Right now, for university researchers in Saudi Arabia, KFUPM's new HPC cluster is a dream come true. Eventually though, the Kingdom will have a more powerful resource at KAUST. At opening, KAUST's campus in Thuwal will house the Shaheen Supercomputer, a 16-rack IBM Blue Gene/P System, equipped with 4 Gbytes of memory per node and capable of 222 teraFLOPS - or 222 trillion floating-point-operations - per second.

High-performance storage and networking subsystems will support the capability of Shaheen. A 128 Linux node x86 Cluster will be provided as an auxiliary computational resource for pre- and post-processing, as well as initial x86 code tests prior to their enablement on Shaheen.

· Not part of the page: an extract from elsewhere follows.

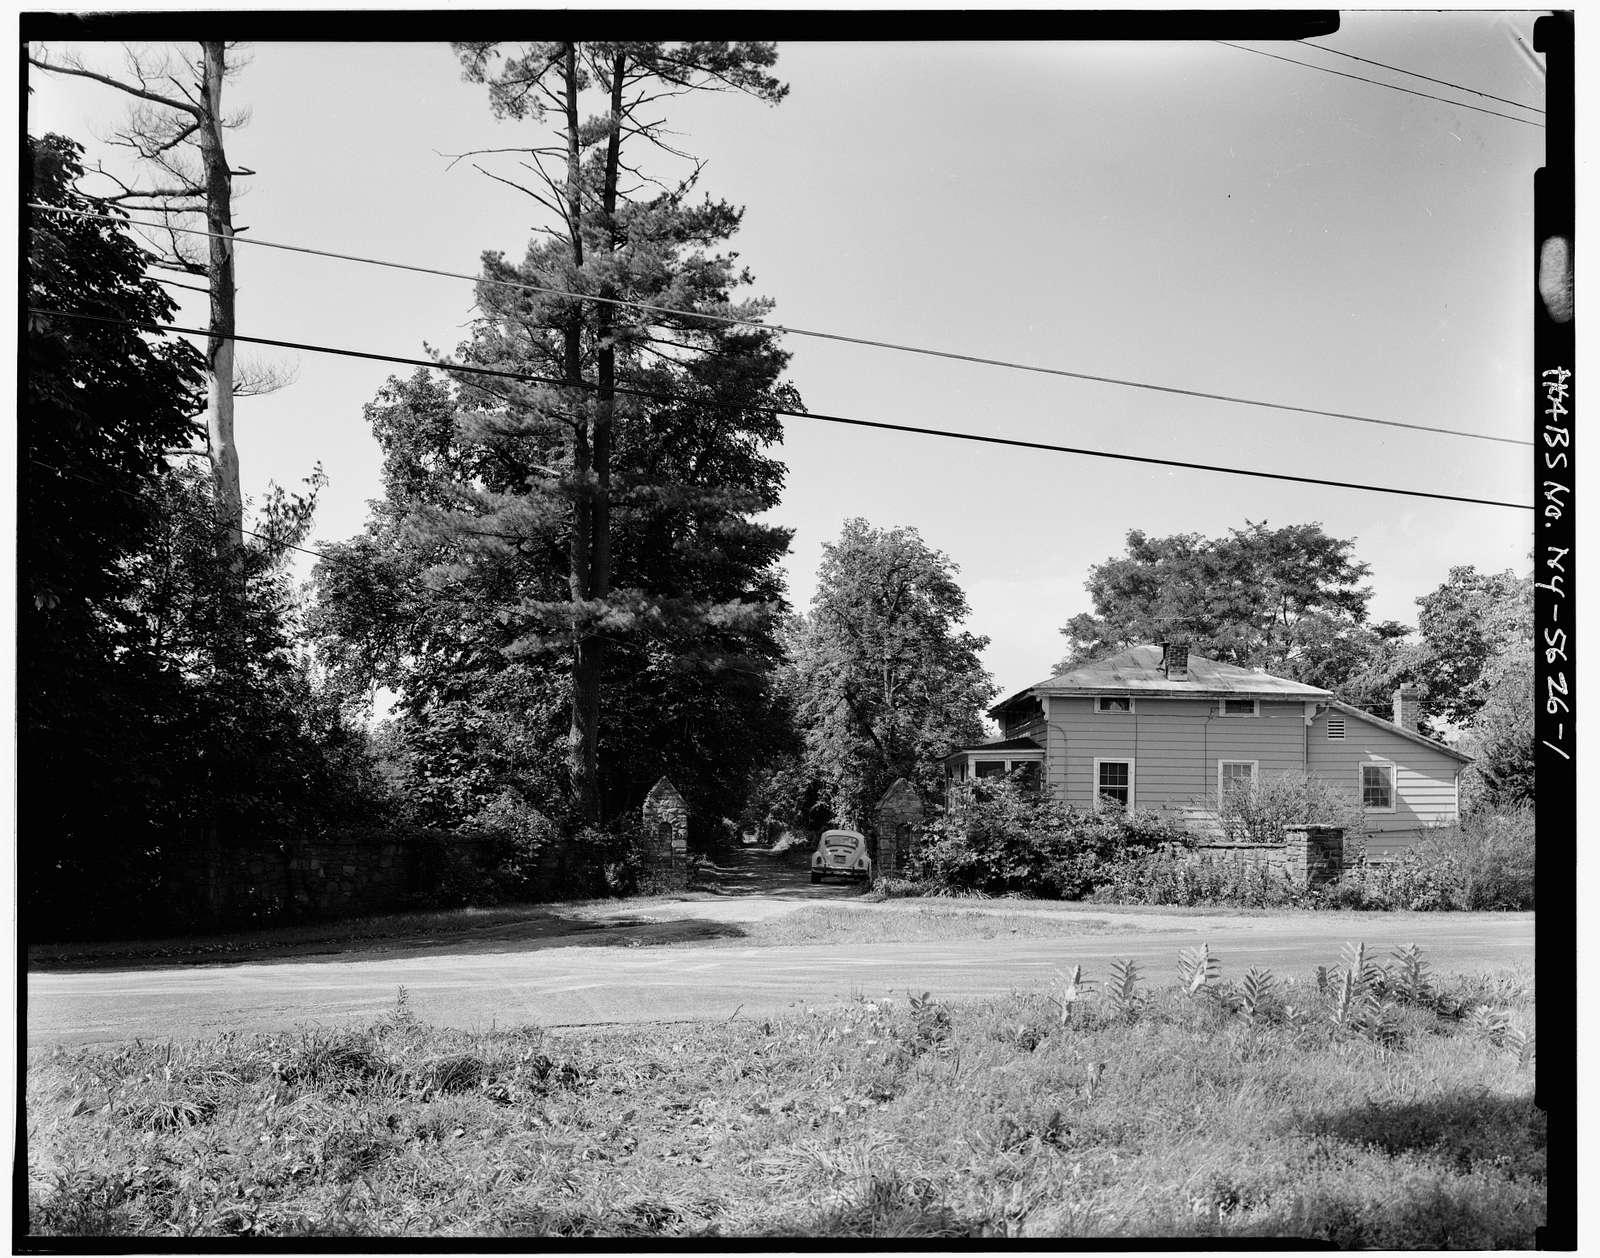 Rose Hill, Woods Road, Tivoli, Dutchess County, NY

It is expected that eventually Shaheen will be available to other universities across the Kingdom on an established need basis. But Shaheen isn't scheduled to go live for another one to two years. This means that for the foreseeable future, Saudi academics will be able to look only to HPC@KFUPM to bring a big bang to their simulations. Even after Shaheen goes live, KFUPM's HPC cluster will still be essential to many researchers. The university plans to run a wide variety of software applications which will be of interest to a broader range of disciplines than the specialist applications which will be available on KAUST's Shaheen.